Issues
This document serves as a guide for how you might manage our GitHub Issues, also known as issue triaging.
Use your best judgement when triaging issues, and most of all remember to be kind, friendly, and encouraging when responding to users. Many users are new to open source and/or typed linting. It's imperative we give them a positive, uplifting experience.
If you're ever unsure on any part of issue management, don't hesitate to loop in a maintainer that has more context to help!
Issue Flow
We include a set of common responses to issues in .github/replies.yml
, intended to be used with the Refined Saved Replies extension.
Don't treat these as exact responses you must use: they're just a starting copy+paste helper.
Please do adopt your specific responses to your personal tone and to match the thread for non-straightforward issues.
Issues pending triage are searchable the triage
label.
That label is added automatically when a new issue is created.

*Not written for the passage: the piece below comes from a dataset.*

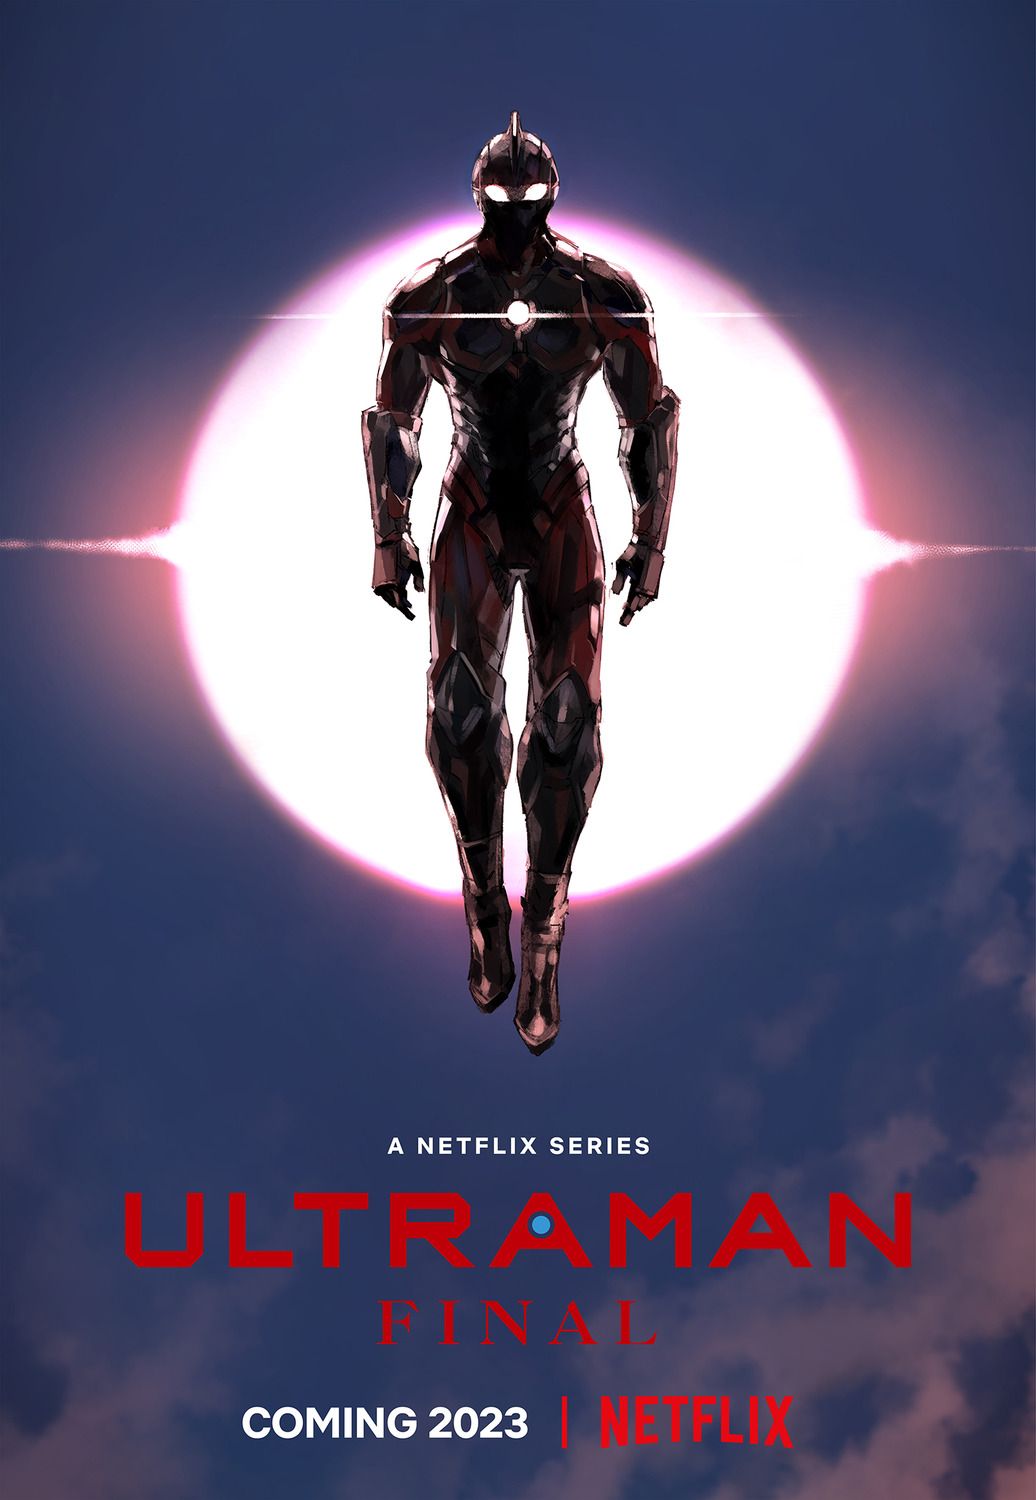 Extra Large TV Poster Image for Ultraman (#5 of 7)

Most issues go through the following review flow when created or updated:
- A maintainer ensures the issue is valid:
- If the poster didn't fill out an appropriate template with enough information:
- Add the
please fill out the template
andawaiting response
labels - Ask the poster for more information using a Needs More Info response
- Add the
- If it's a duplicate of an issue that already exists:
- Add the
duplicate
label and remove thebug
label - If it's an obvious duplicate, post a Clearly Duplicate Issue response
- If it's not an obvious duplicate, link to the existing issue and explain why
- Add the
- If the code is working as intended:
- Add the
working as intended
label and remove thebug
andtriage
labels - If the behavior is due to the user doing something wrong, such as an incorrect config:
- Add the
fix: user error
label - This issue search has some examples of closing comments
- Add the
- If the behavior is otherwise expected, this issue search has some examples of closing comments
- You needn't go into too much detail in your comment - just enough to explain it
- Add the
- If the poster didn't fill out an appropriate template with enough information:
- If the report is valid, add the
accepting prs
label and remove thetriage
label - If you know the rough steps for a fix, consider writing a comment with links to codebase to help someone put together a fix
- If you think that the fix is relatively straightforward, consider also adding the
good first issue
label
Whenever an issue is waiting for the reporter to provide more information, it should be given the awaiting response
label.
When more information is provided:
- If you have time to go through the triage flow again, do so
- If you don't have time, add the
triage
label and remove theawaiting response
label
If your link is both a "permalink" (includes a commit hash instead of a branch name) and has a line number/line range then GitHub will embed the code in your comment.
When viewing a file in GitHub pressing y
will update the URL to a "permalink" with the current commit hash, then you can select the relevant lines and paste that URL into the comment.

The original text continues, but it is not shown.